Facing the panel for Apple will be Tim Cook. He will look to focus on patriotism and how only in the US could a company become so valuable. Google’s Sundar Pichai will try to focus attention away from Google’s search engine dominance by stating that “People have more ways to search for information than ever before, and increasingly this is happening outside the context of only a search engine.“
Facebook's Mark Zuckerberg, on the other hand, is expected to begin with a statement about values on which the American economy was built and that "China is building its own version of the internet focused on very different ideas, and they are exporting their vision to other countries."

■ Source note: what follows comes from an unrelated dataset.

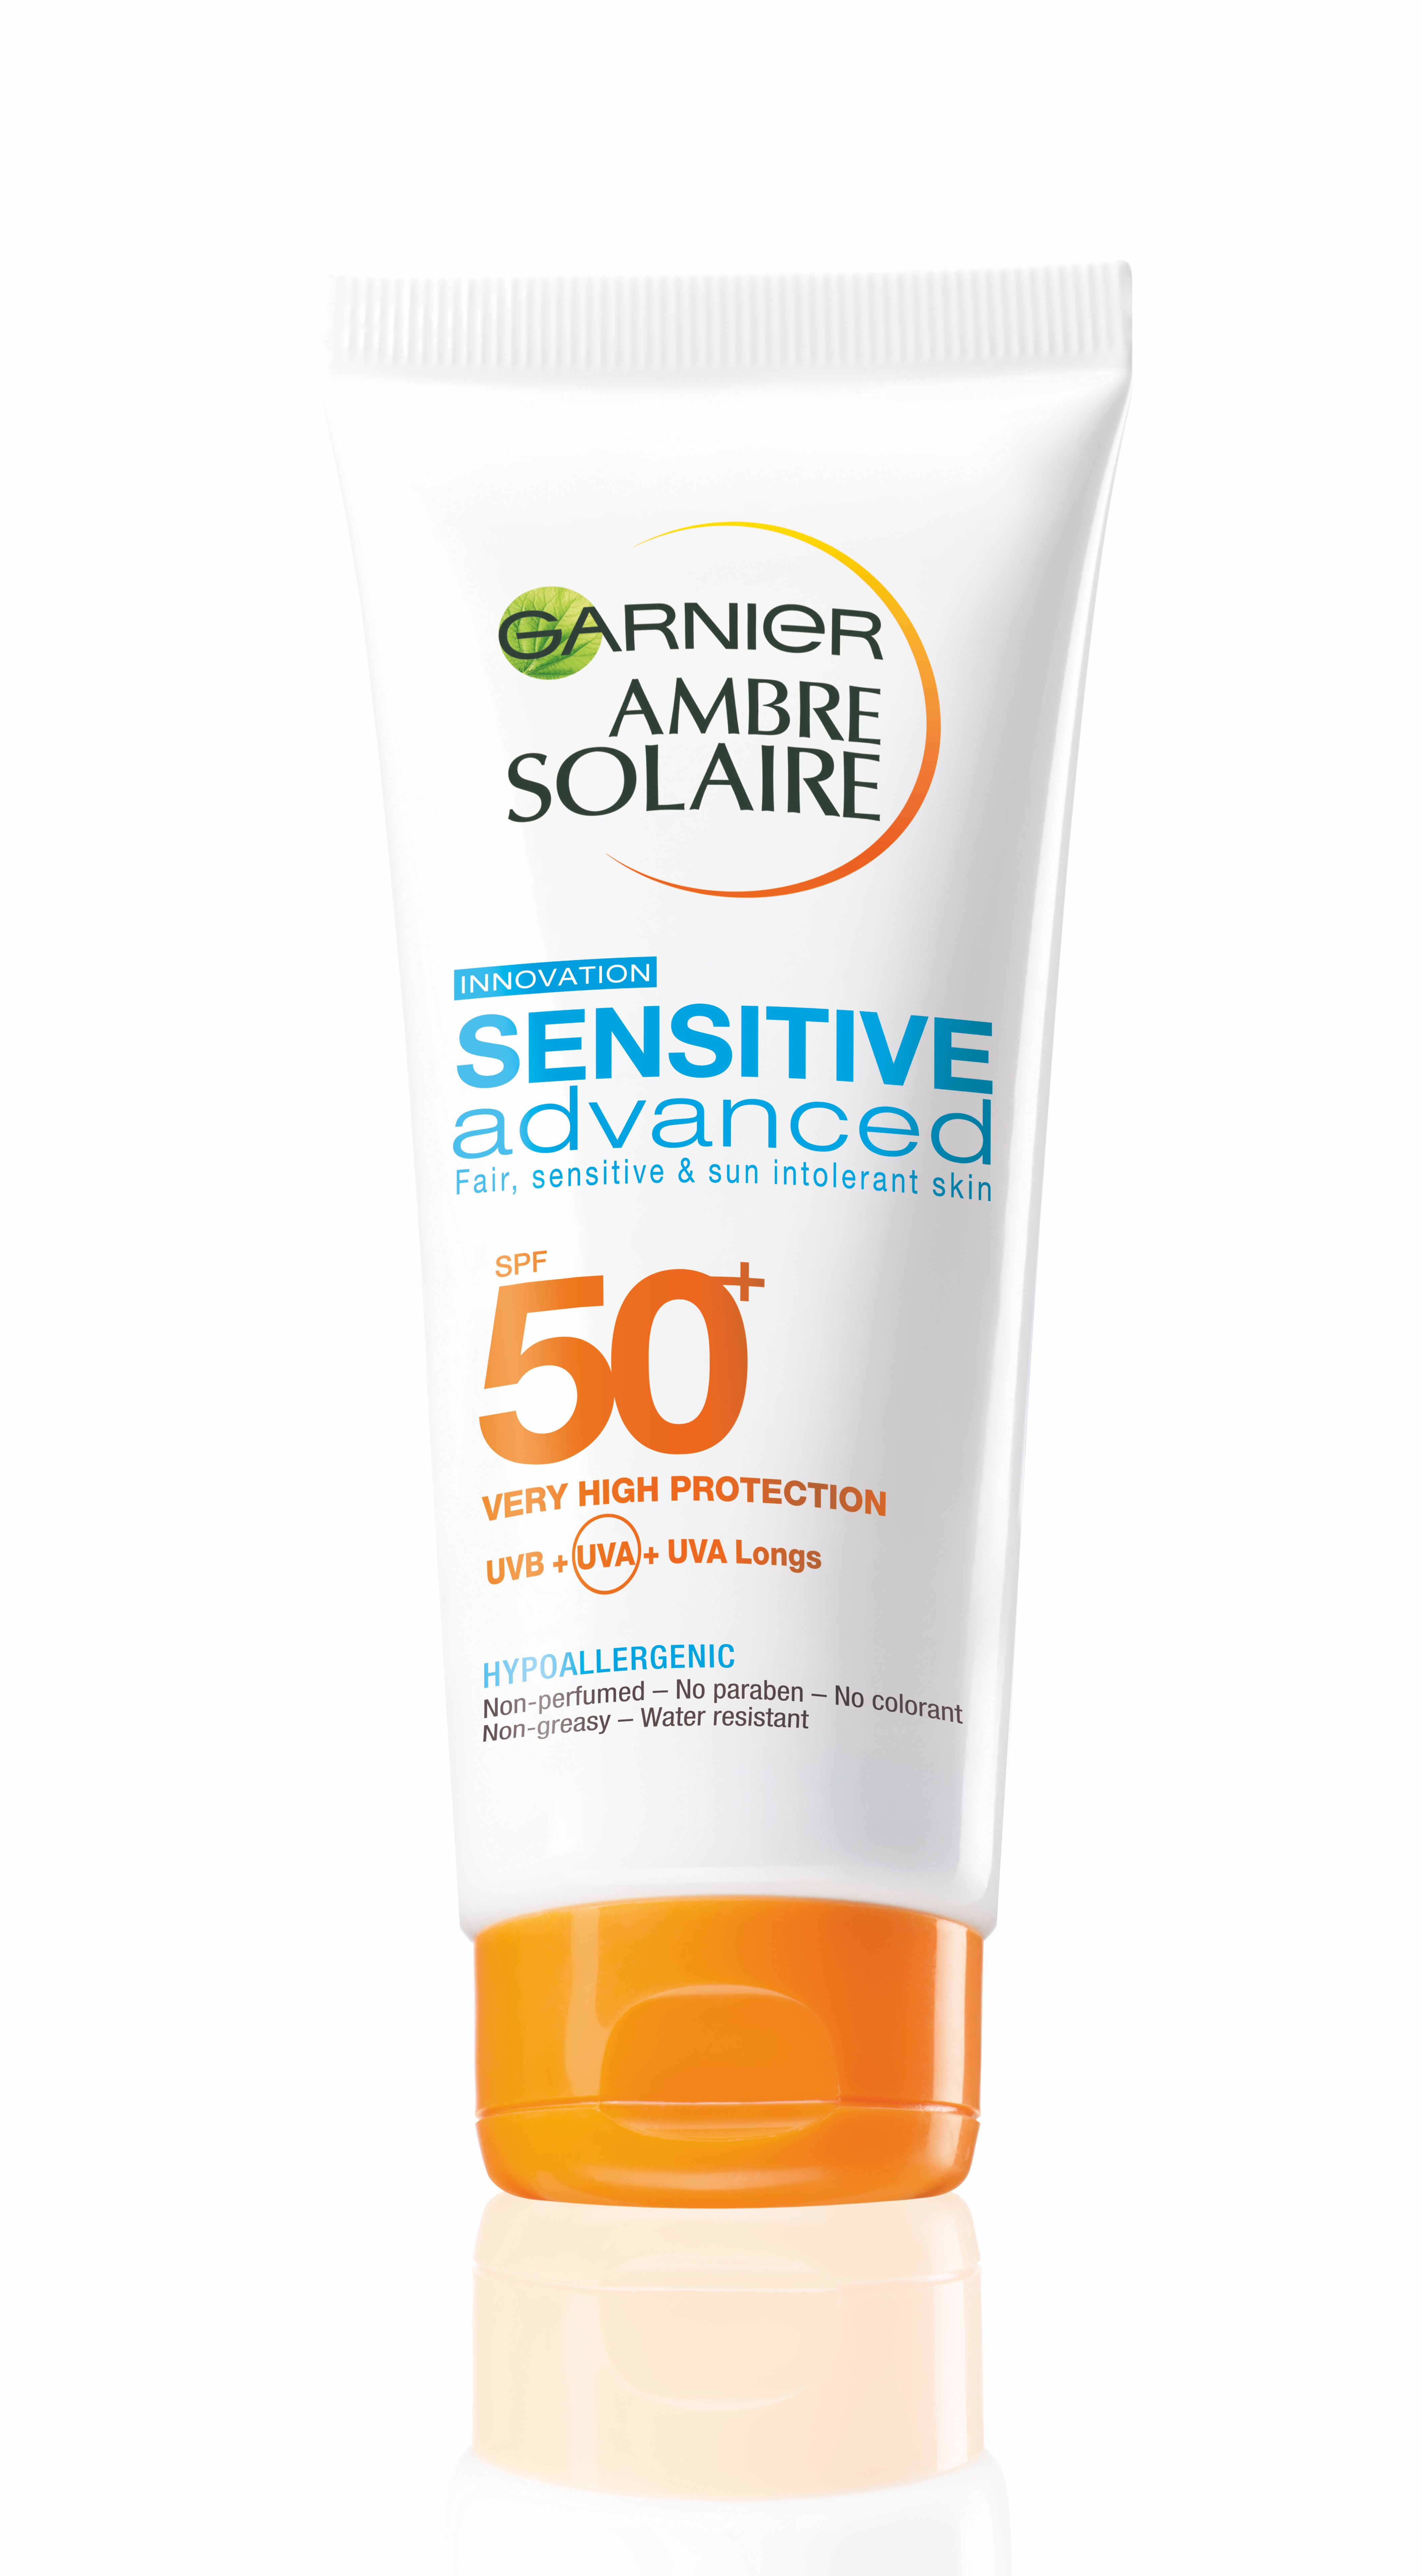 Garnier Ambre Solaire Sensitive Advanced SPF 50 krém 200 ml Garnier

Making his first ever appearance in front of Congress, Amazon's Jeff Bezos, who is believed to be the world's richest person, is expected to talk about his childhood and how that gave him the excellent work ethic that put him where he is now.
Tech giants Facebook, Amazon, Google and Apple testify to Congress
The behemoths of the technology industry are being questioned by Congress on Wednesday at 13:00 ET with the objective to identify if the power is controlled by too few. The company chiefs will be asked about their market dominance primarily although at the hearing almost anything goes. That could see questions raised about the management of fake news and propaganda especially around elections and the coronavirus pandemic.